Po jakimś czasie przyjechał do mnie do domu kuzyn, który lubi bardzo takie historie, i zaczął mi opowiadać właśnie o tym domu że tam kiedyś schroniła się nasza rodzina w czasie wojny i Rosjanie wrzucili do tego domu granat i wszyscy zginęli. Po wysłuchaniu tej historii od kuzyna jestem pewien że ludzie którzy tam zginęli nie chcieli żebyśmy tam przebywali. Od tamtej pory trzymam się z daleka od tego domu a wiem że stoi tam do dziś. Dodam jeszcze że nigdy nie rozmawialiśmy o tym z kolegami.

Pozdrawiam wszystkich serdecznie

 

Proszę o nieujawnianie  moich danych osobowych.

Jeśli uznacie że moja historia jest godna opublikowania na waszej

stronie to wyrażam na to zgodę.

 

--

Pozdrawiam

Paweł []

 

I jeszcze dwie historie w jakiś sposób nawiązujące do tego tematu. Kiedyś pisaliśmy o miejscach widmach, które ktoś zauważa w opuszczonym terenie, a kiedy wraca ponownie, tego miejsca... już nie ma!

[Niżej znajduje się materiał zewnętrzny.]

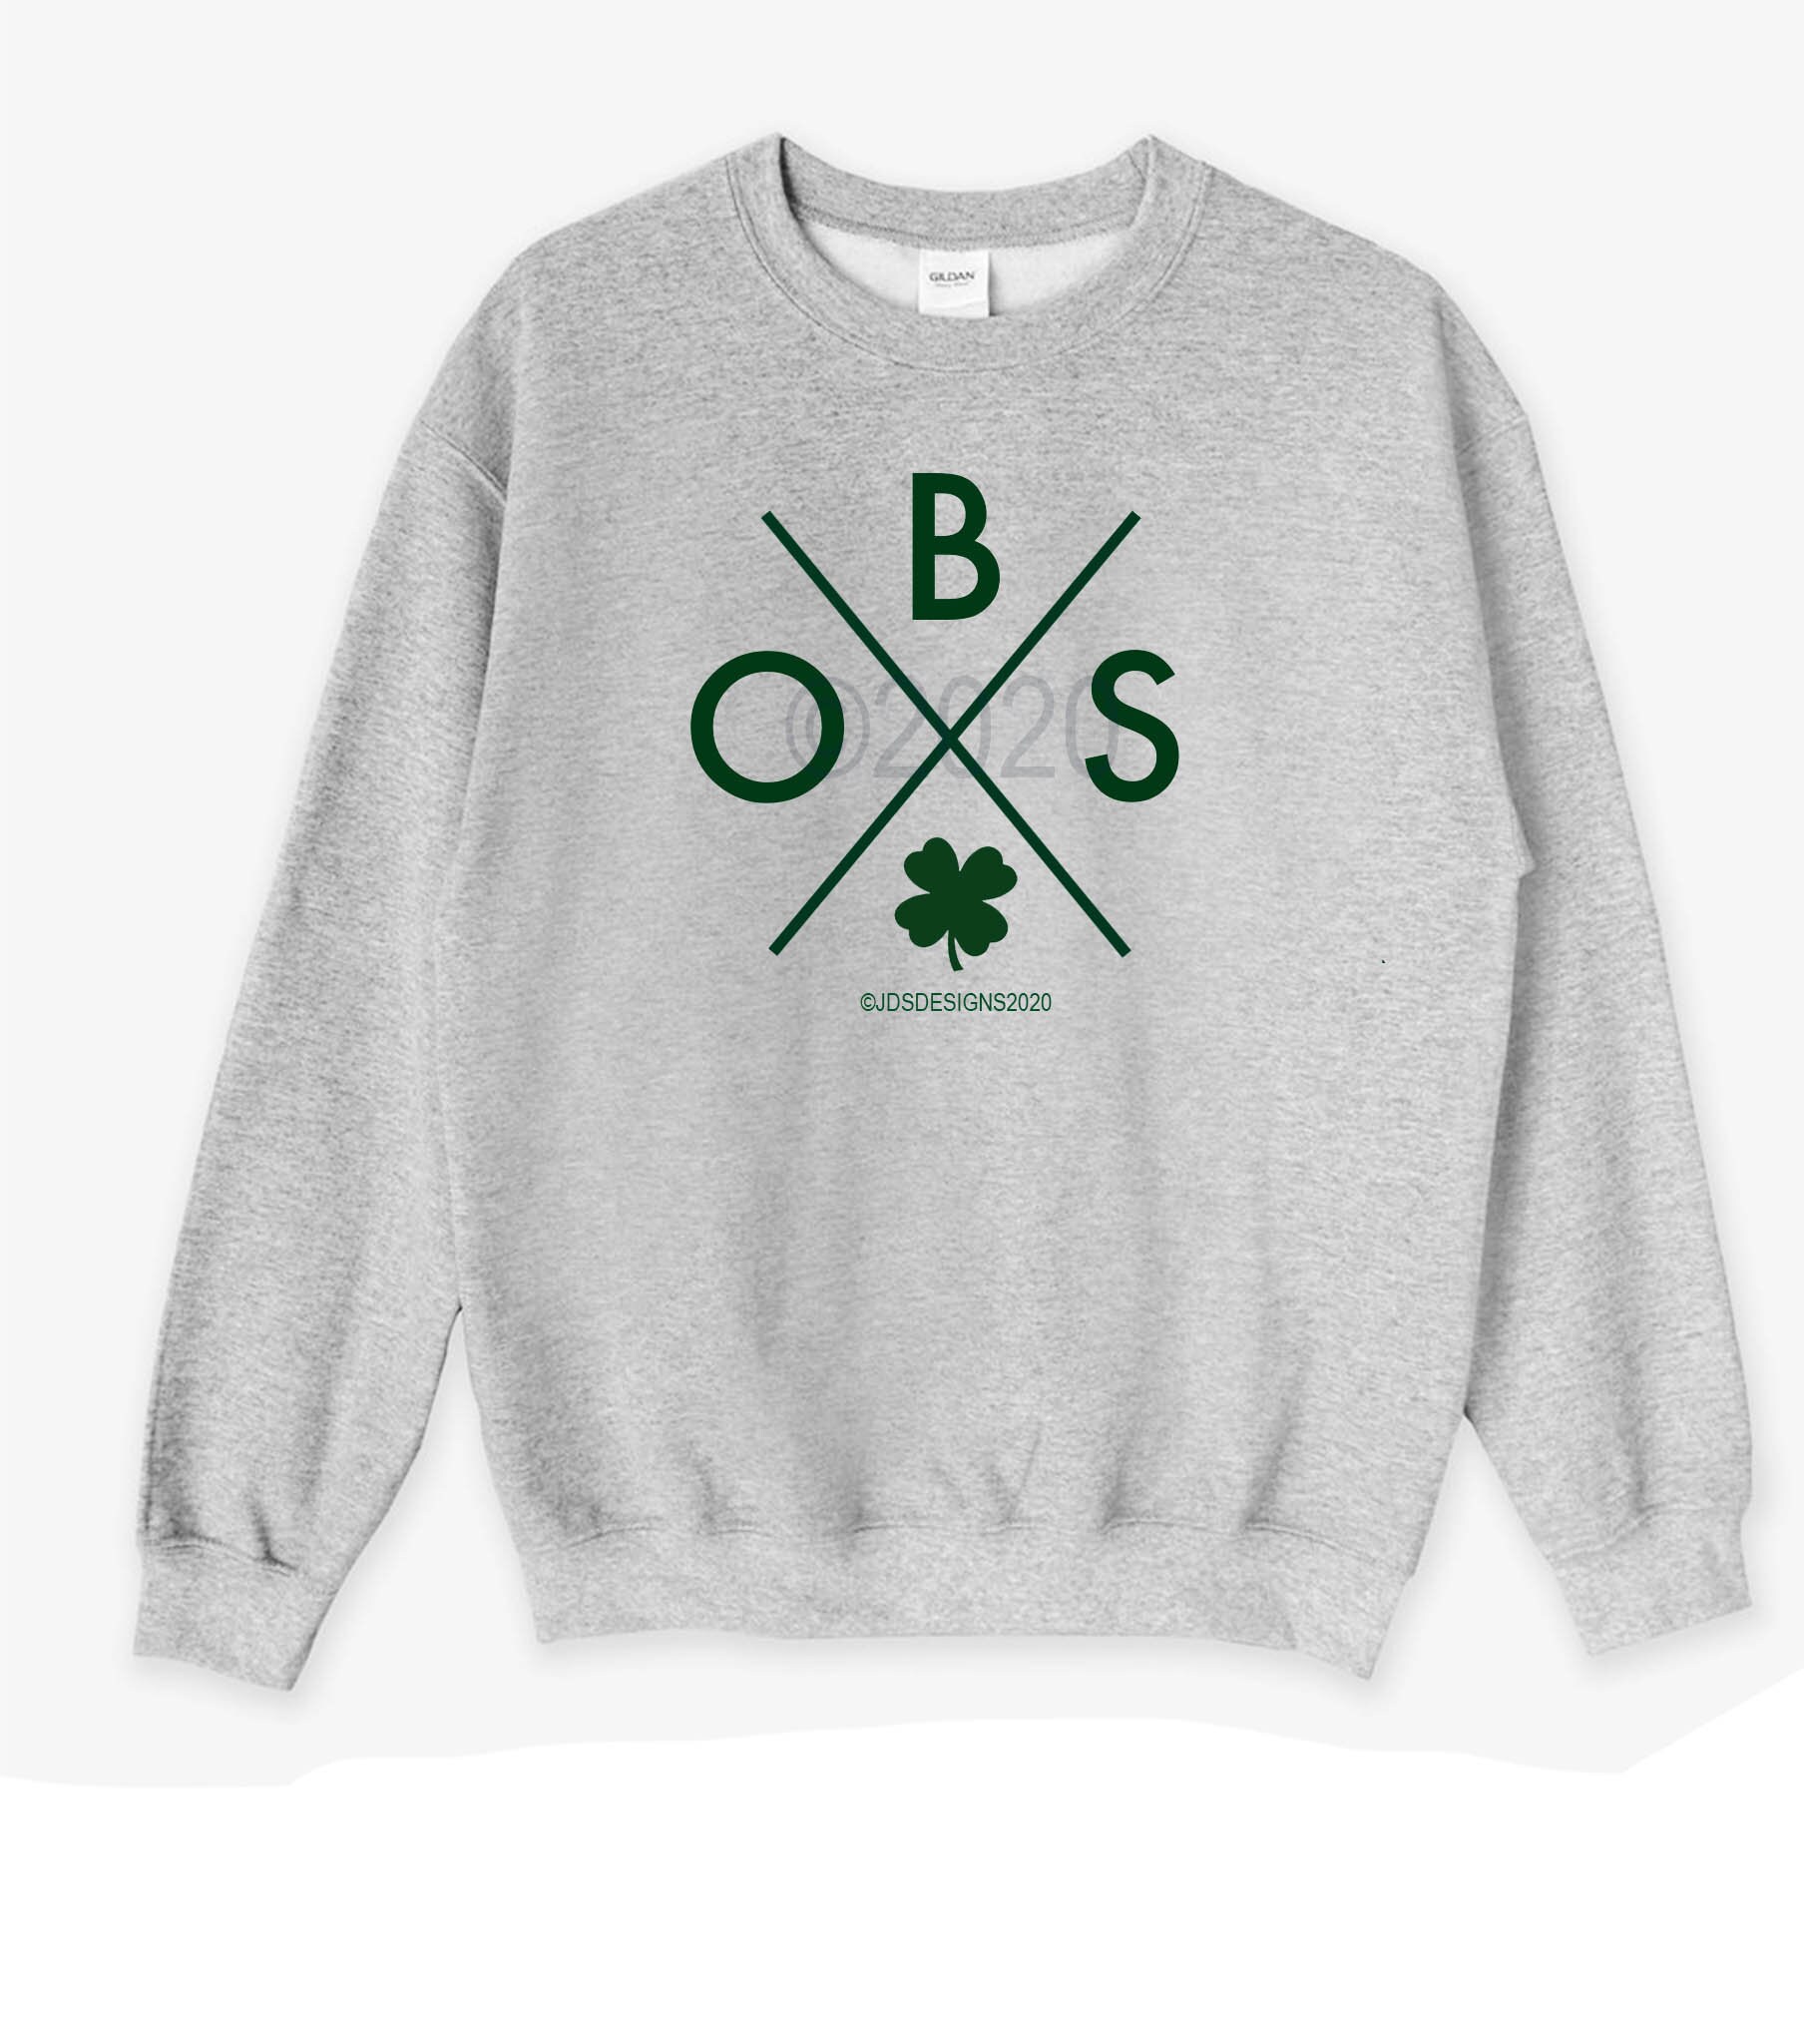 CustomCat Boston Celtics Retro NBA Crewneck Sweatshirt Irish Green / 4XL
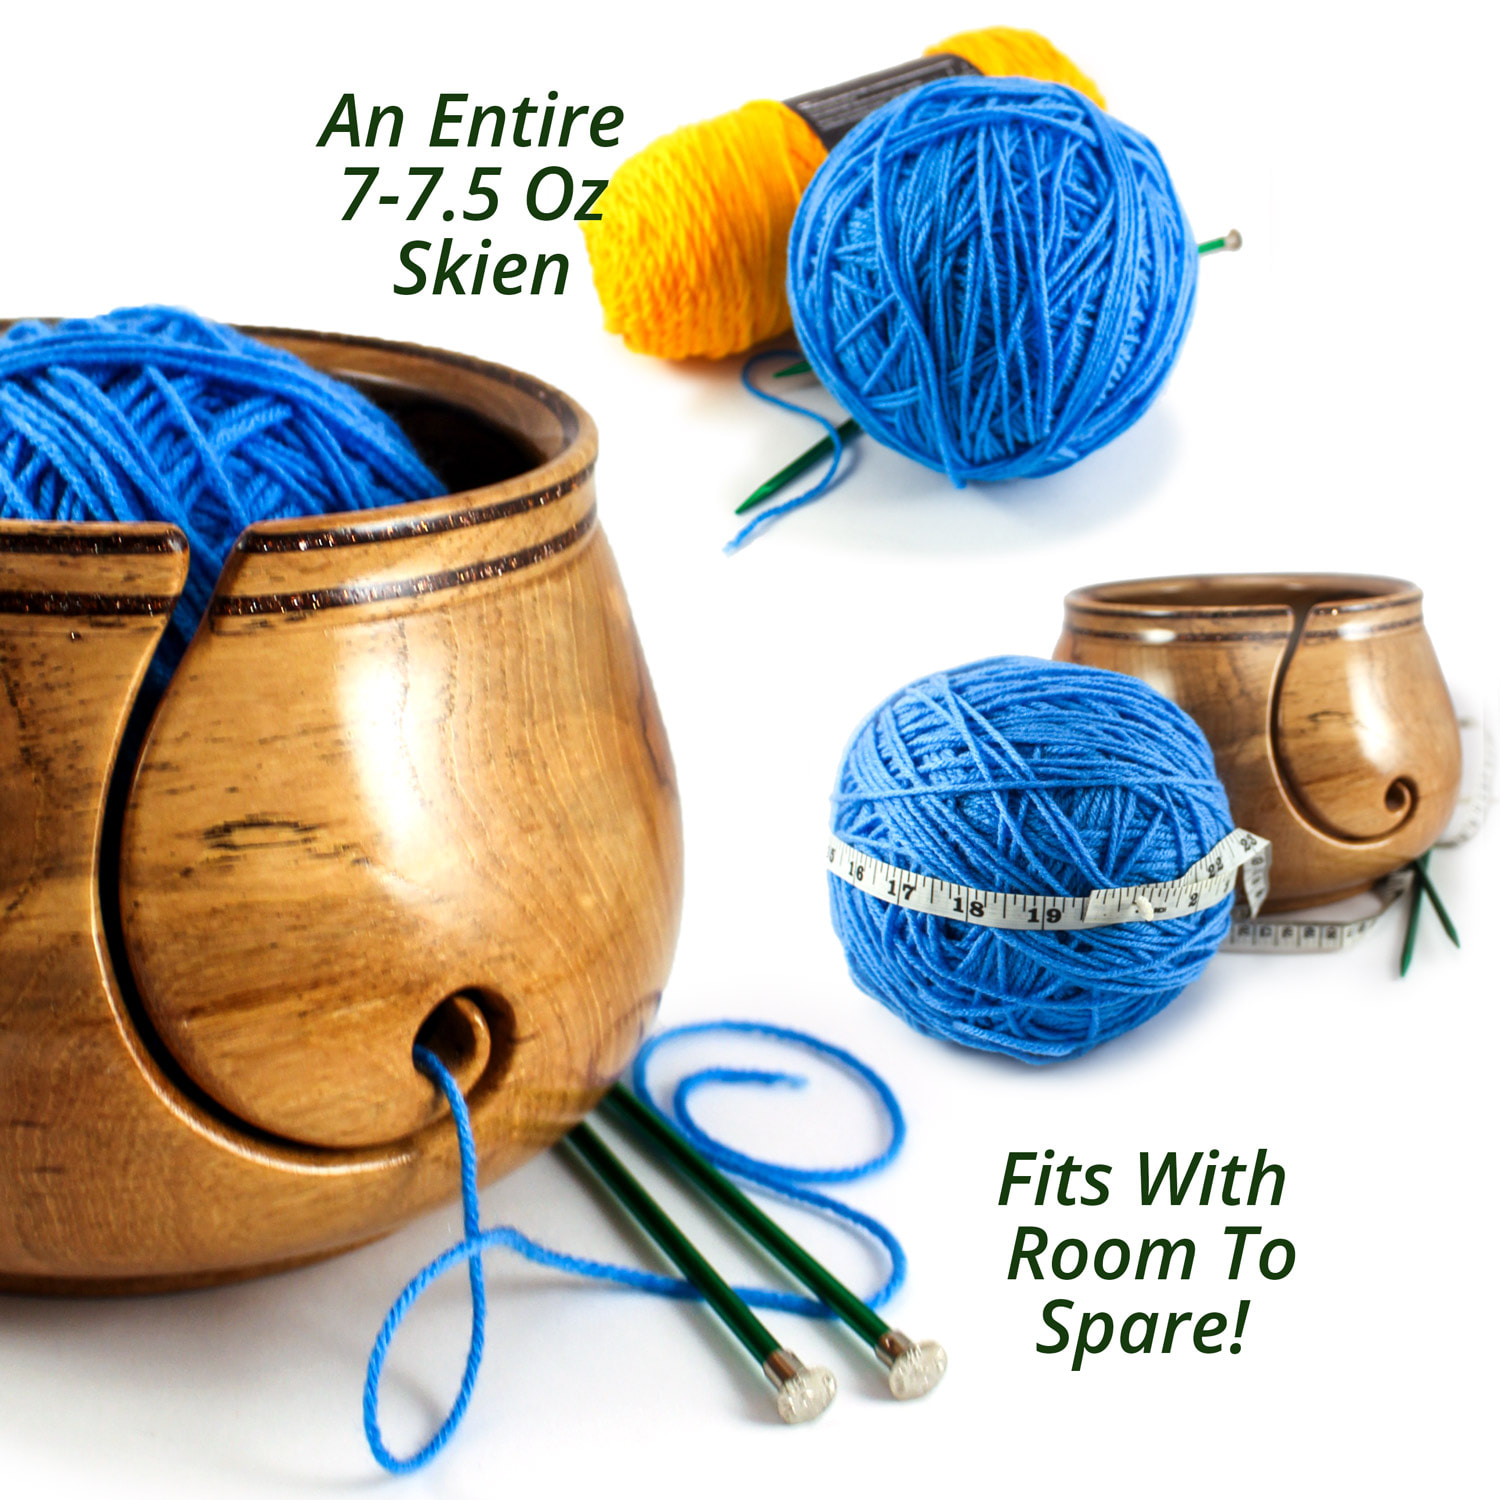 XXL Yarn Bowl, Pecan, Artisan Crafted for Knitting, Crochet, Yarning

Sprawę można by zbagatelizować i wszystko zrzucić na „roztargnienie ludzkie”, ale tego typu zjawisko „miejsc widm” zostało bardzo skrupulatnie opisane w literaturze światowej. Oto e-mail opisujący takie właśnie zdarzenie:

 

-----Original Message-----

From: Roman xxxxxxxxxx

Sent: Tuesday, April 21, 2009 3:48 PM

To: nautilus@nautilus.org.pl

Subject: miejsca widma

 

Kiedyś przeżyłem podobną sytuacją na Dolnym Śląsku w rejonie miasta Zagań ok 2001roku.Dużo podróżowałem autem w celach służbowych , przejeżdżając autostradą poniemiecką, chciałem skrócić drogę z miejscowosci Wymiarki w kierunku na Szprotawę.Bardziej na nos niż z atlasem ( nie było jeszcze GPS) skrecilem w drogę oznaczoną w atlasie.Nie wiem czy zjechałem gdzieś z głownej drogi,jednak w pewnym skonczyl się asfalt, droga przeszła w brukową. Nagle wjechałem do wioski poniemieckiej opuszczczonej przez mieszkanców.Zniszczony pociskiem kosciól robił ogromne wrażenie.Przejeżdzając przez wioskę obserwowałem  opuszczone domy.Zdziwiło mnie to ,że wiekszość chałup nie była zdewastowana.Całe drzwi, firanki w oknach, stojące płoty.Całość robiła wrażenie jakby mieszkańcy opuscili domy kilka tygodni lub miesięcy wczesniej.Nie było żadnych sladów po złomiarzach lub włamywaczach.Dodam że wyjechałem  w rejonie w którym w ogóle nie powinienem się znależć.Po jakimś miesiącu znów byłem w rejonie owej miejscowości.Postanowiłem zajrzeć do niej na dłużej.Jechałem tą samą drogą lecz nie znalazlem  miejscowosci.Zaintrygowany wrócilem do punktu wyjazdu i powoli przemierzyłem ta trasę wypatrując bocznych dróg. Nie było nic!

Roman J.

 

 

Na koniec historia, którą przysłał do nas nasz serdeczny przyjaciel od wielu lat, pan Tadeusz. Opisał on bowiem coś, co przeżył praktycznie każdy z nas, czyli przemożne uczucie, że jesteśmy „obserwowani”. Tego typu sygnał odbiera nasza podświadomość i przeważnie jest to... prawdziwe wyczucie jakiegoś „obserwatora” w pobliżu. W archiwach wideo Fundacji NAUTILUS jest bardzo ciekawy film dokumentalny o radzieckich kosmonautach. Wśród wielu przedstawionych tam historii jedna szczególnie zapadła nam w pamięć. Oto jeden z kosmonautów opisuje sytuację, kiedy przebywał na stacji Mir i postanowił po raz kolejny spojrzeć przez bulaj w przestrzeń kosmiczną. Robił tak wiele razy każdego dnia, ale... tym razem coś ścisnęło go za gardło. Wyczuł bowiem, że jest bardzo uważnie obserwowany z przestrzeni w pobliżu statku. Czuł to „każdą komórką swojego ciała”, zjeżyły mu się włosy na głowie i zaschło mu w gardle. Za bulajem stacji była bowiem tylko pustka przestrzeni kosmicznej, ale on wiedział, że... tam ktoś jest i na niego patrzy! Bardzo ciekawa historia.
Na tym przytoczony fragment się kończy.